"That is my limit," he said.

Meanwhile Lady Adela had come to the conclusion that all this was very emotional and undignified.

"Miss Welwyn," she enquired, "what does this mean?"

"I will tell you," said Tilly. "But first of all I must say one thing. I did not try to trap your son, as you seem to think. We fell--we came to care for one another quite naturally. I made no attempt to catch him. I knew nothing whatever about him. It--it just happened." She turned wistfully to Dicky. "Did n't it?" she asked.

Dicky nodded his head gravely.

"It just happened," he said.

"And since we cared for one another--or thought we did"--continued Tilly with a little choke, "it never came into my head that anything else could matter. But last Saturday, when I went to stay at your house, and saw your grand ways and your grand servants, and all the commotion you made about Members of Parliament, and county families, and all that--well, I began to see rocks ahead. I felt common. My courage began to fail. I began to be afraid that you would not take kindly to the Family--"

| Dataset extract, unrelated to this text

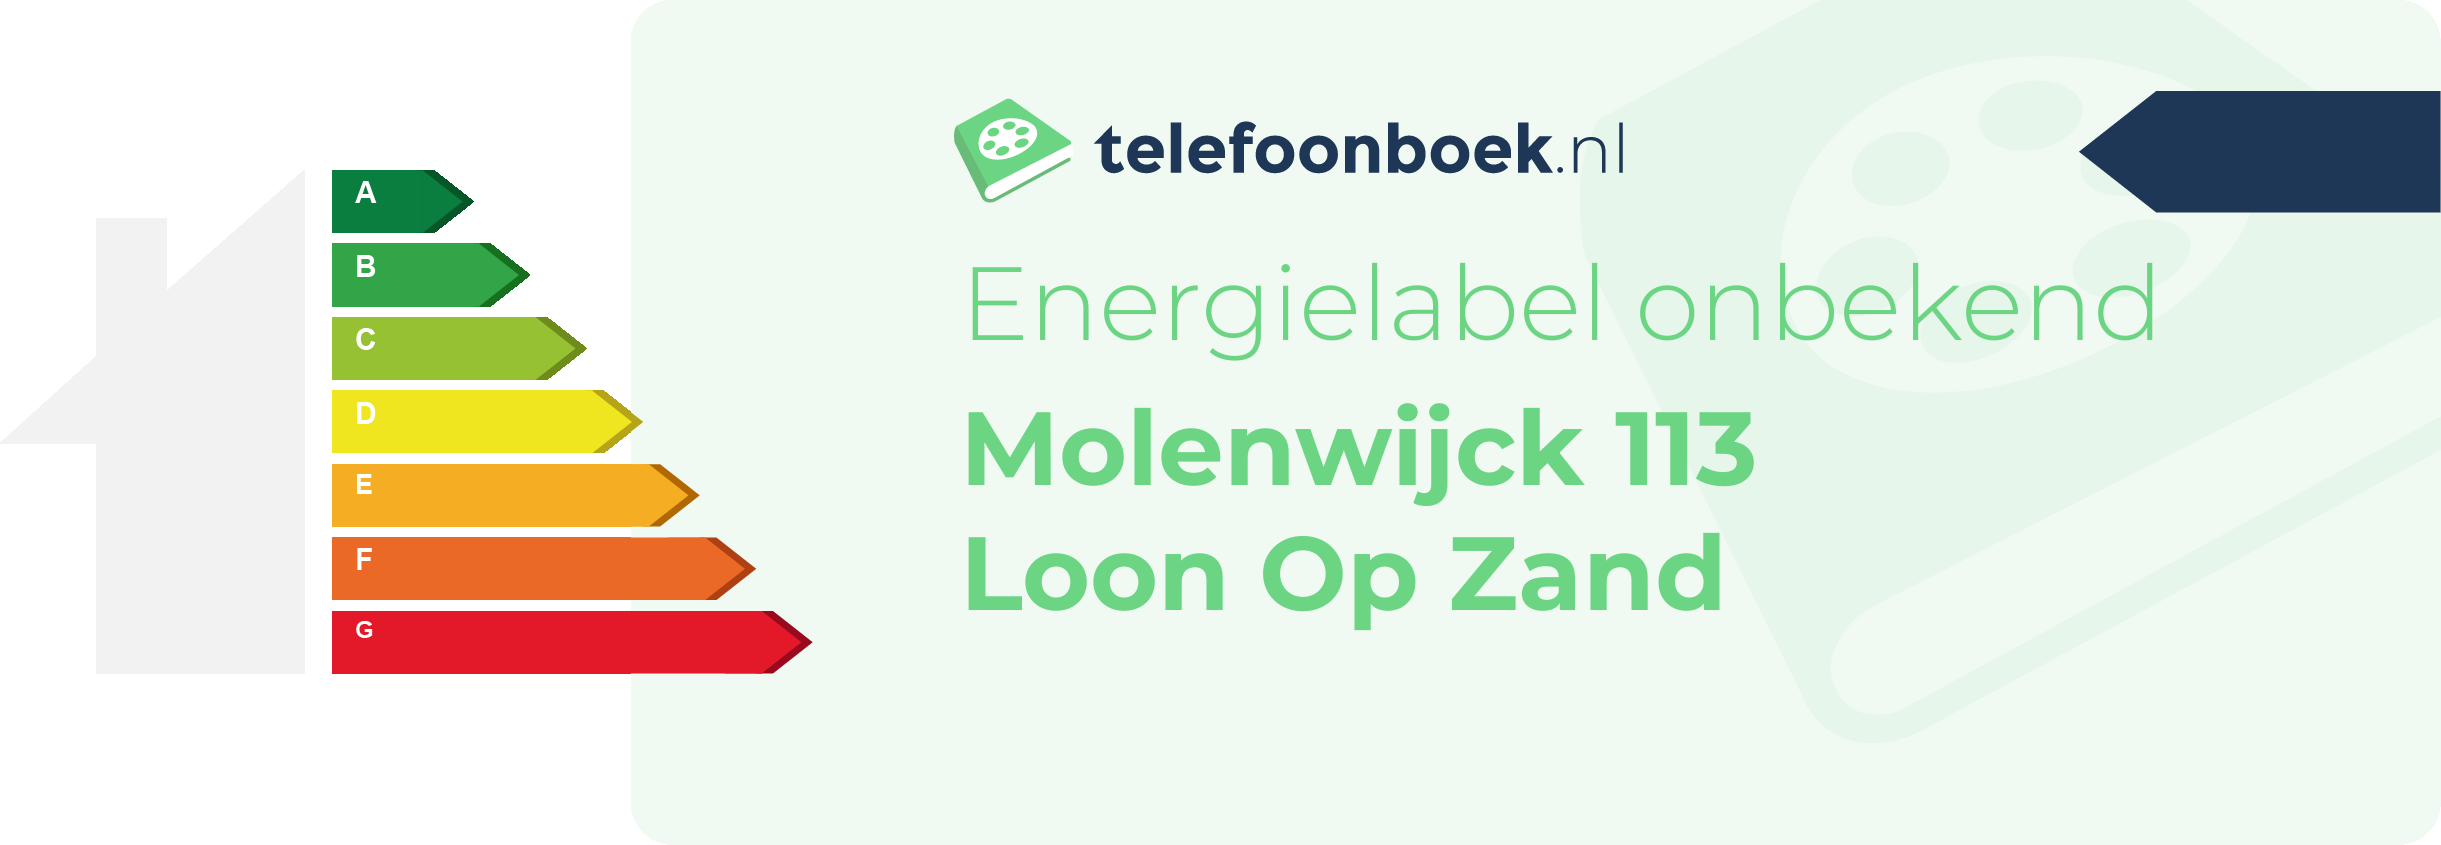 Energielabel Molenwijck 113 Loon Op Zand
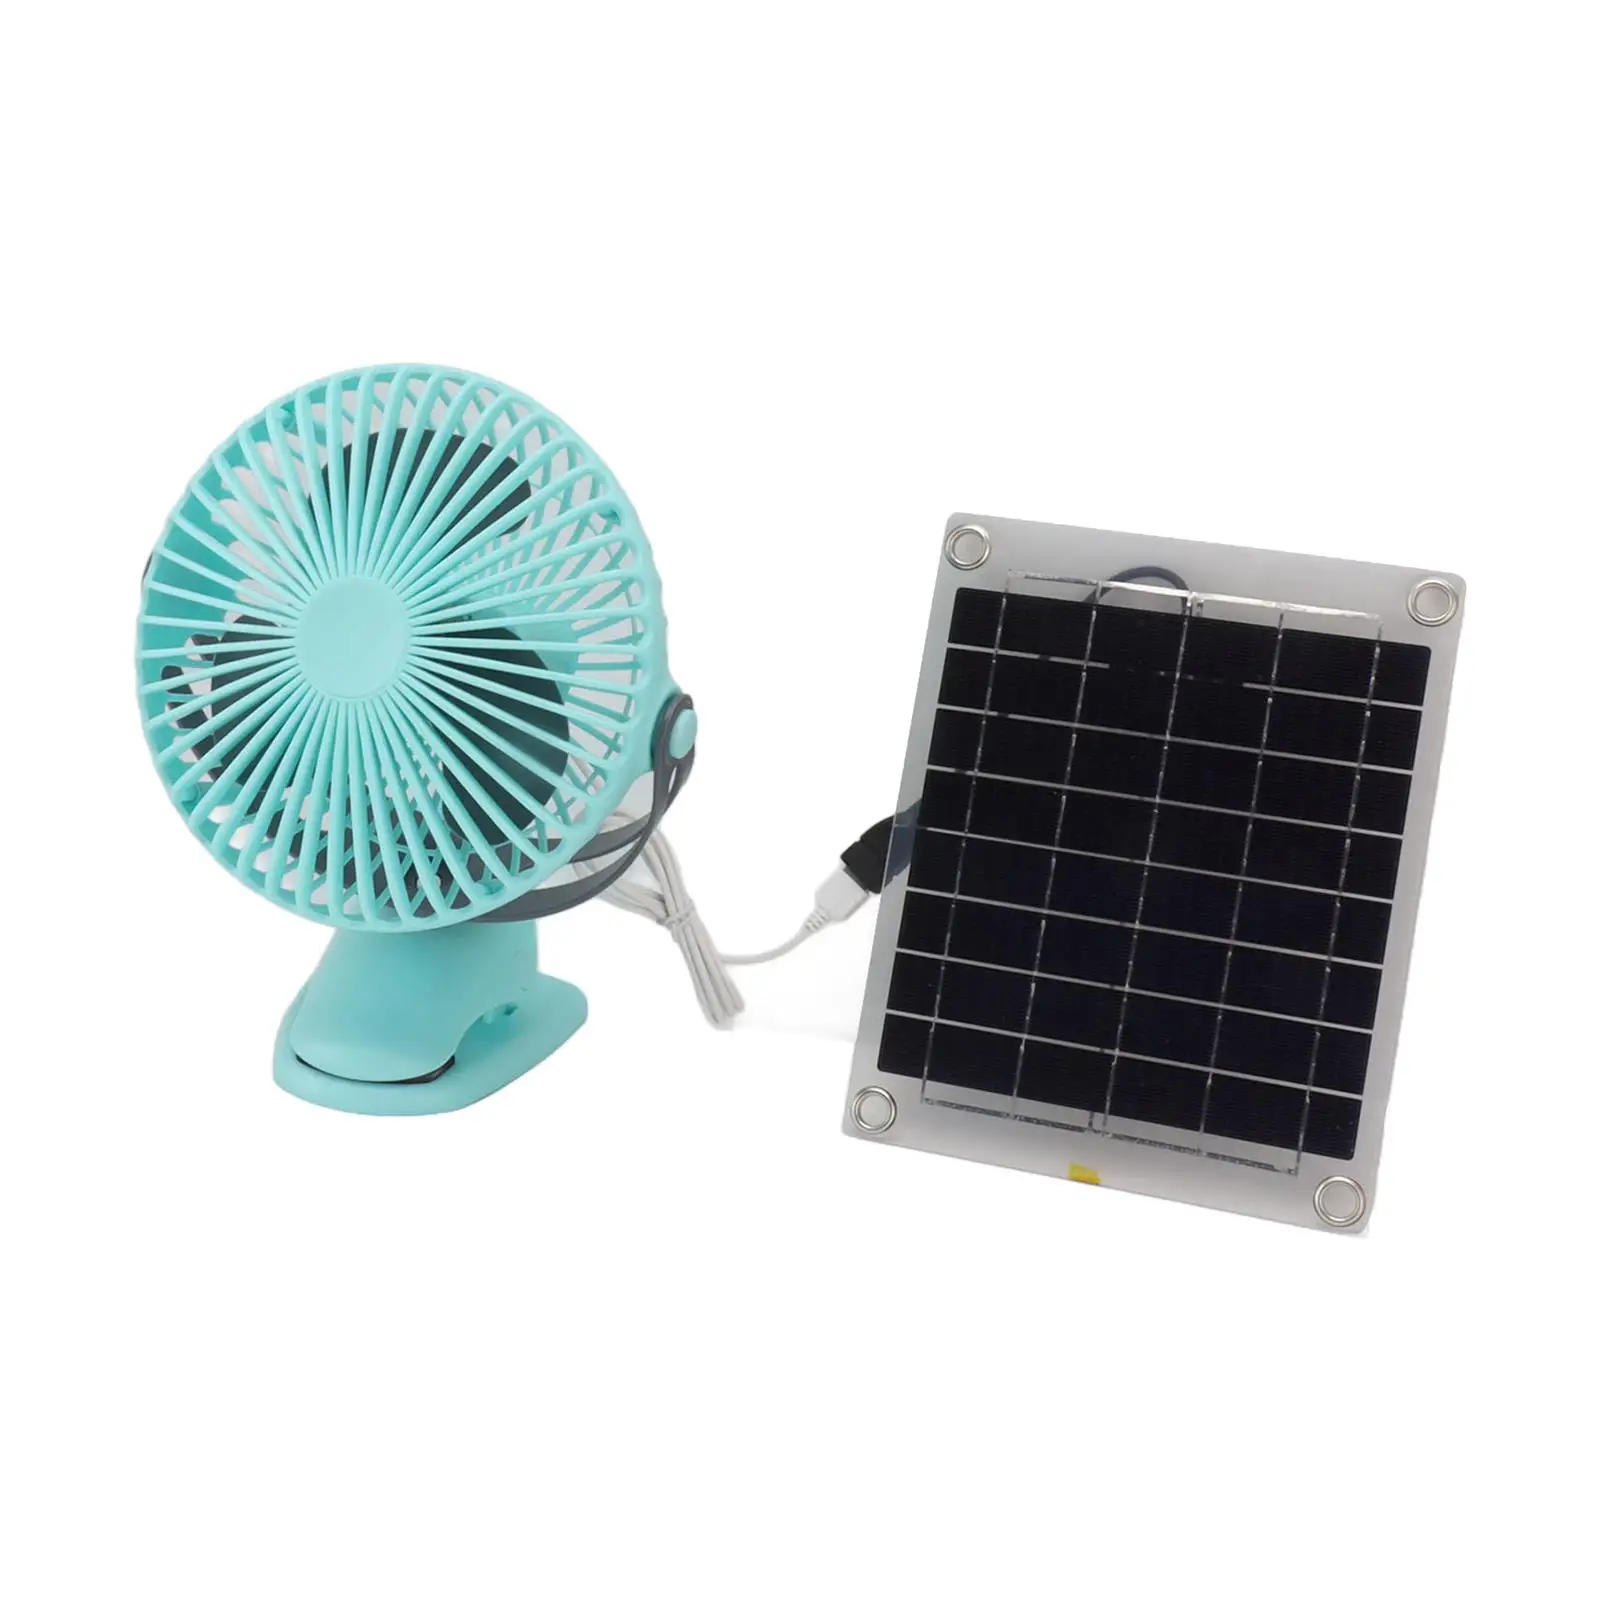 Clip on Fan Camping Fan with Solar Panel Portable Solar Powered Fan Personal Desk Fan for Tent Dorm Outside Fishing Household

"It was n't you that was afraid, dearie," said a respectful voice behind her. "It was the Family."

"I saw, too, Lady Adela," continued Tilly, "that you were against me--dead against me--and that as soon as you got hold of a decent-excuse I should be bundled out of your son's life, like--like an entanglement. That put my back up. I had meant to be perfectly straight and unpretentious with you, but when I saw what you were after, I determined to fight. So I have deceived you."

"We all have," murmured a loyal chorus.